Many things to many different people. It could be as simple as "I'm horny and I need to act out on it." Then you find random person to fulfill said need. It can be with anyone, anywhere, at anytime, and as often as is needed to get the job done. Think Samantha from Sex and The City.

For others it's a manifestation of emotions, a form of expression for how you care about someone. This can be referred to as "making love". It can be put up on such a pedestal that an individual puts confinements on this act: only once I'm married, only in a deeply committed relationship, only when I'm in love.

Other reasons might be boredom or curiosity. What's it feel like? What do they feel like? This tends to be the thought process of the inexperienced folk.

There are those who use sex as a means of manipulation to gain some power. Trophy wives, strippers, most of the characters on the original Melrose Place.
Let me make you feel good so you can do something later on that will benefit me. If you can master this, I think you're brilliant because it's not full proof and there's always some loop hole. Not everyone thinks or reacts the same...

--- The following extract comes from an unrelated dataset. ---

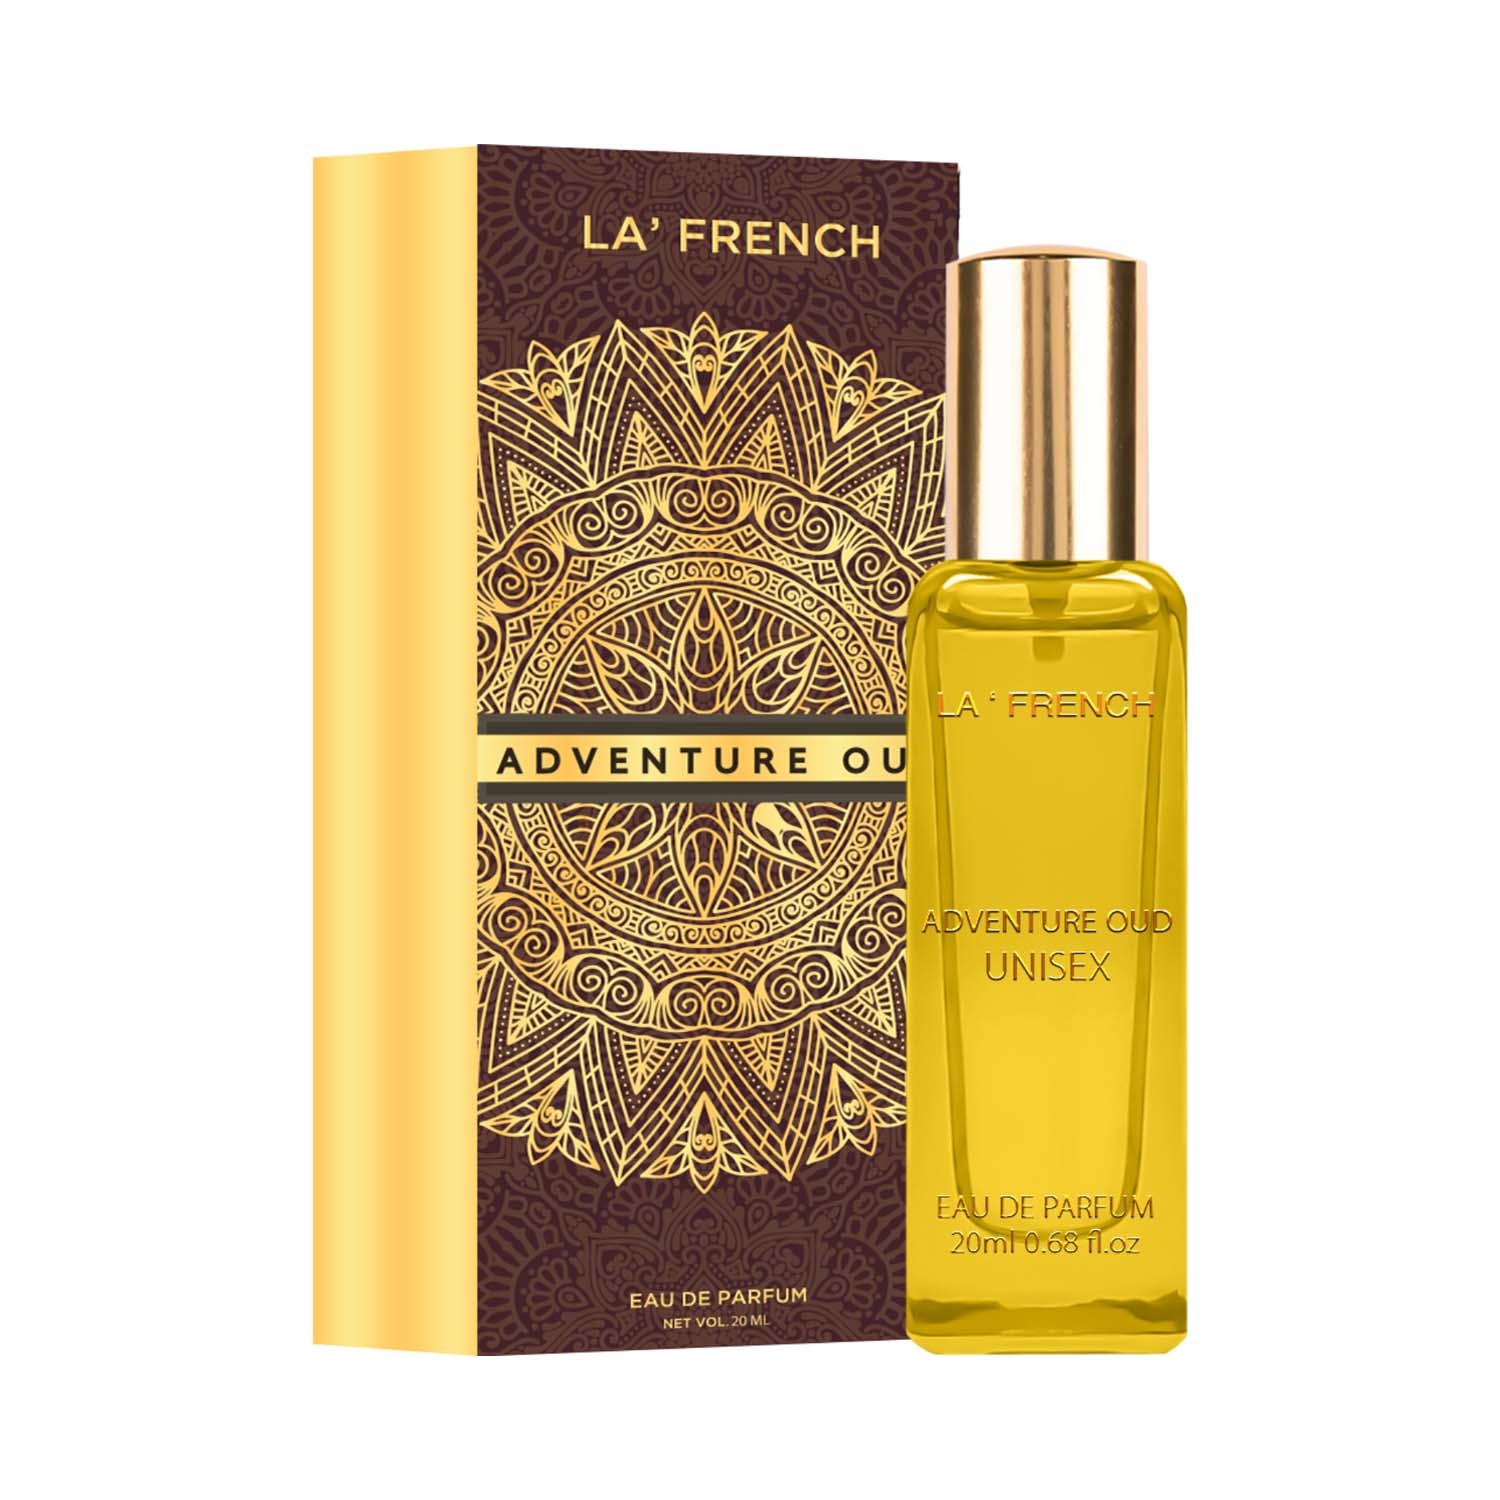 LA' French | LA' French Adventure Oud Eau De Parfum (20ml)
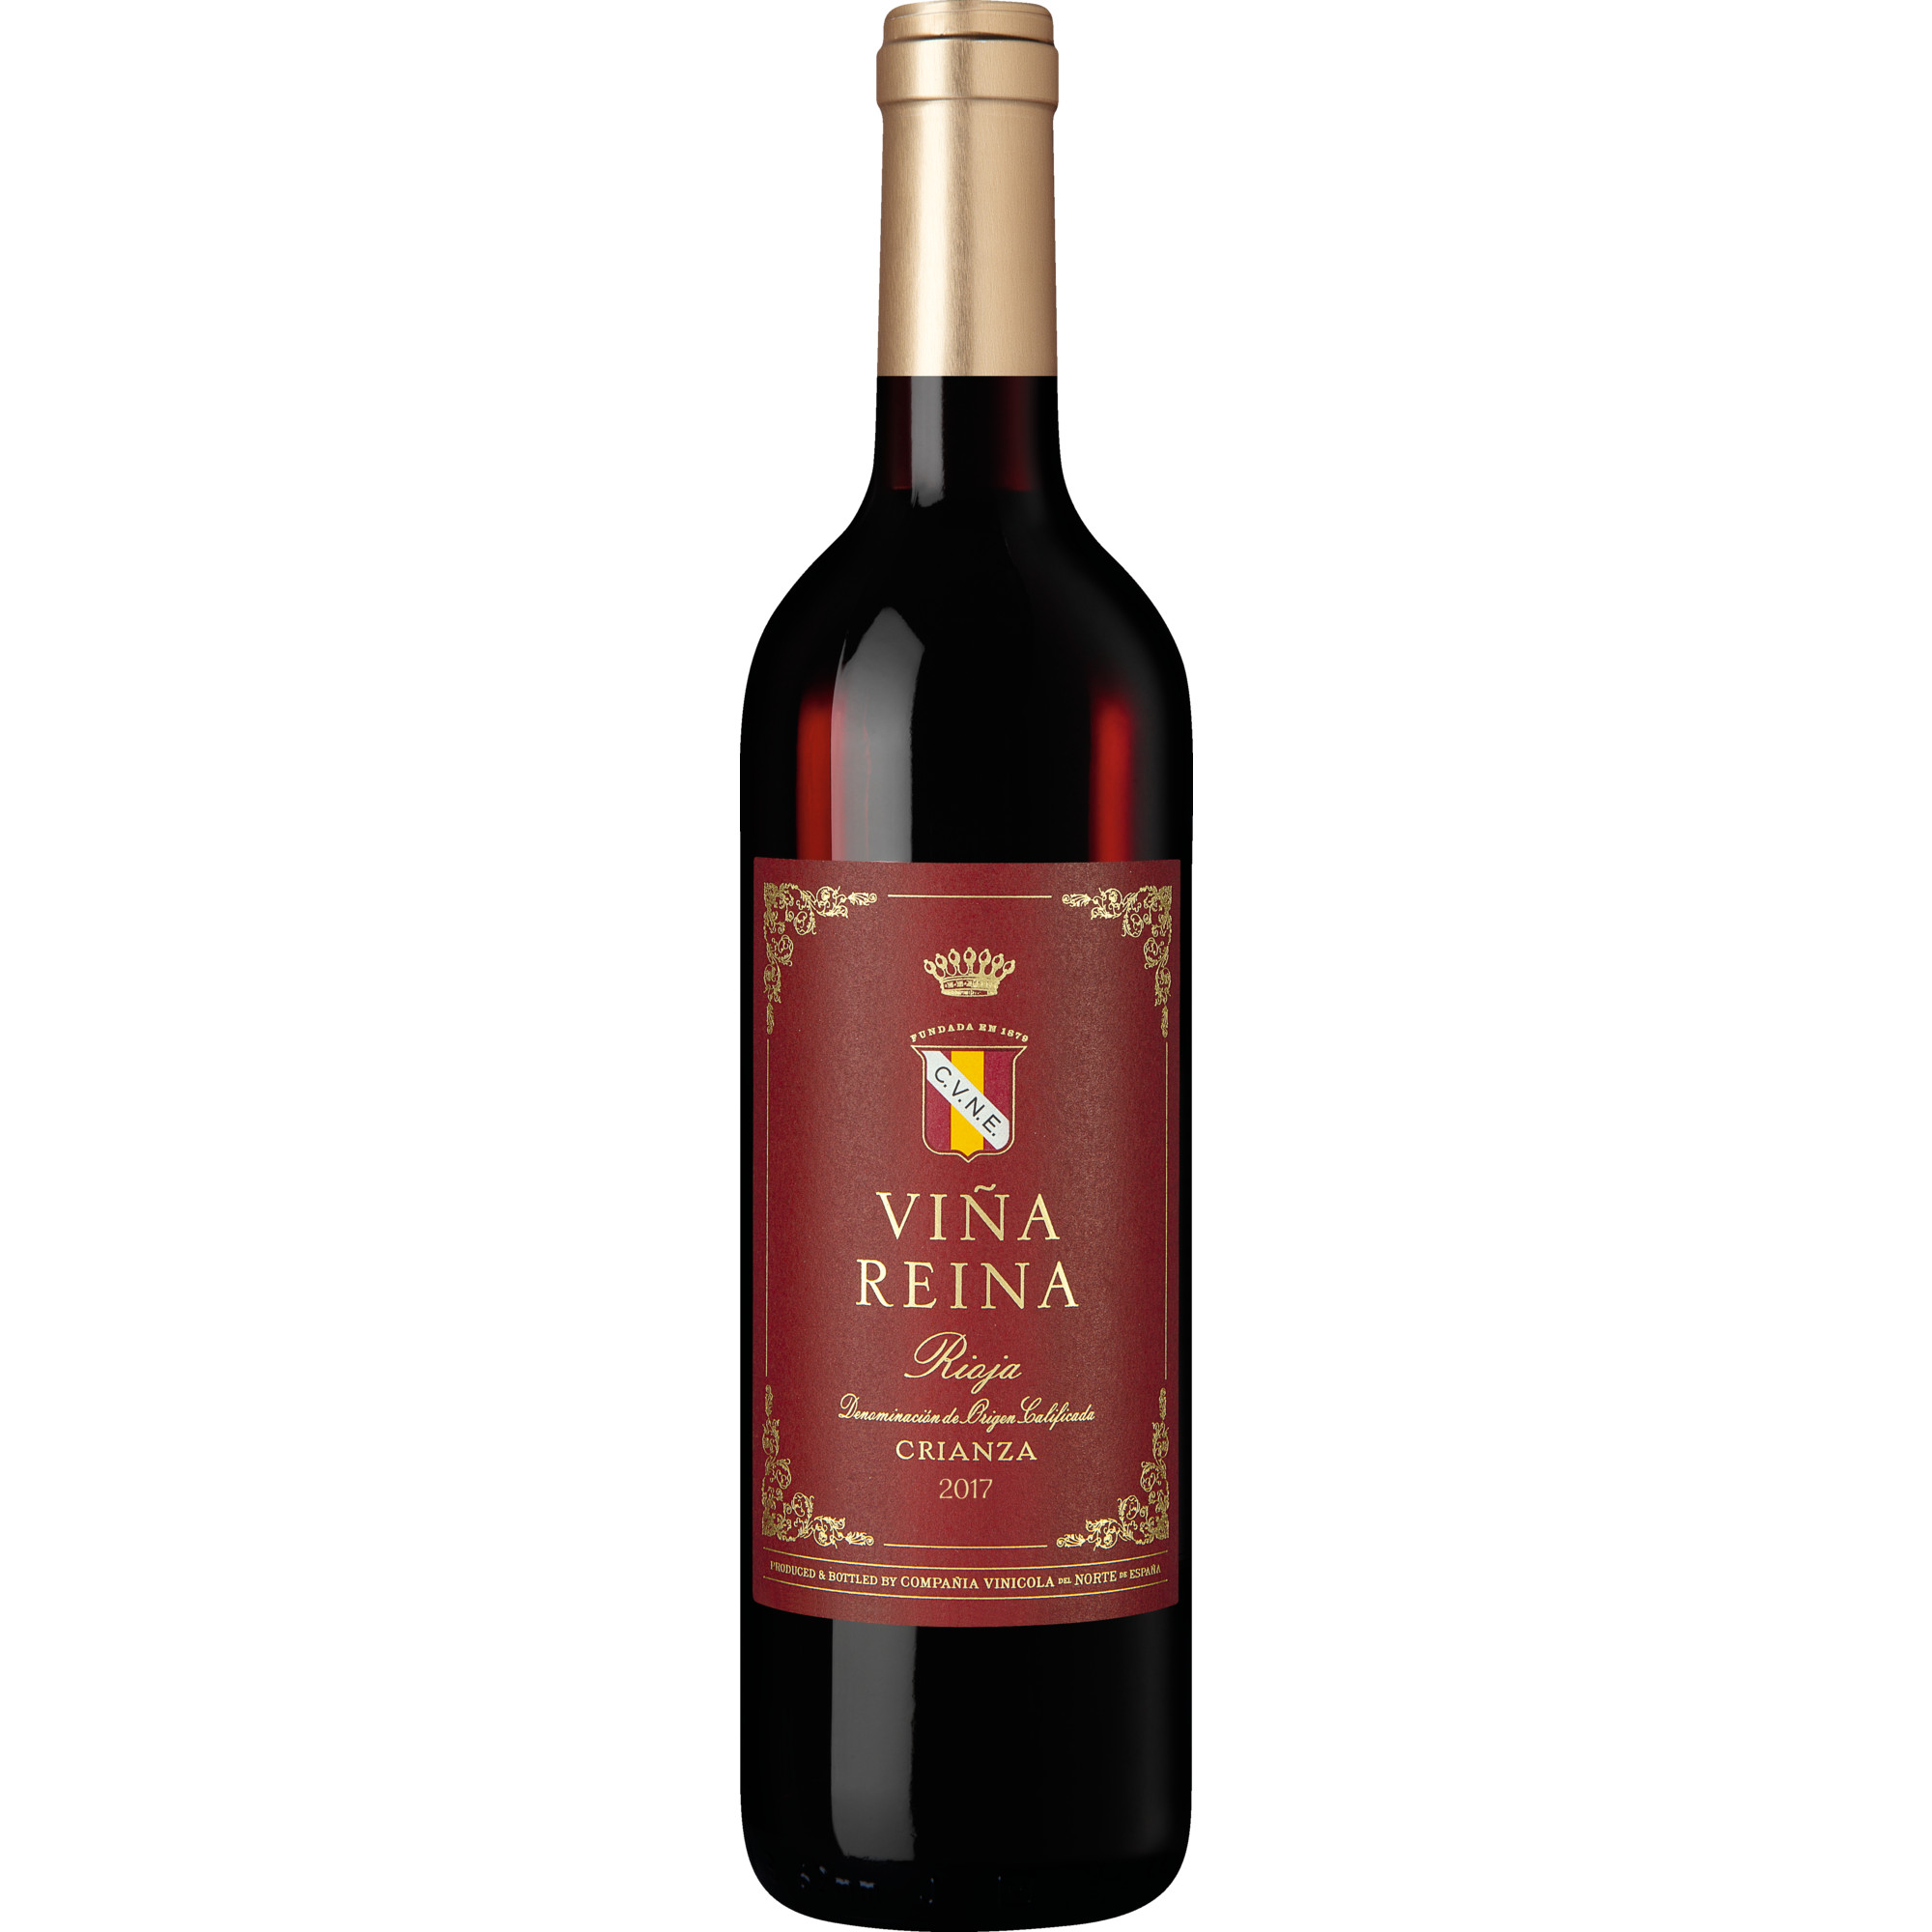 2017 CVNE Viña Reina Rioja Crianza

I knew a girl in college who used sex as a way to find "love" or a "relationship". It never worked out for her though. Sex was just sex to the guys she was with and nothing more no matter how hard she tried to make it so.

How about that it just feels good? That's where I'm at. I have no problem admitting that I'm a very sexual person and as long as I'm safe and smart I don't see the problem. It's my body so therefore it's my choice what I do with it. I can easily identify with all the other reasons listed above, but in the end I'm just a woman who loves sex. What irritates me are the double standards. A man with a healthy sexual appetite is fine and dandy, but a woman with a healthy sexual appetite is a whore/slut/tramp/fill in your favorite slang here.

Well I say screw that! I'm sick of living by other people's rules, hiding in the corner avoiding their judgements. This is me. I love sex and anyone who can't handle that is probably so wound up because they aren't getting enough on their own.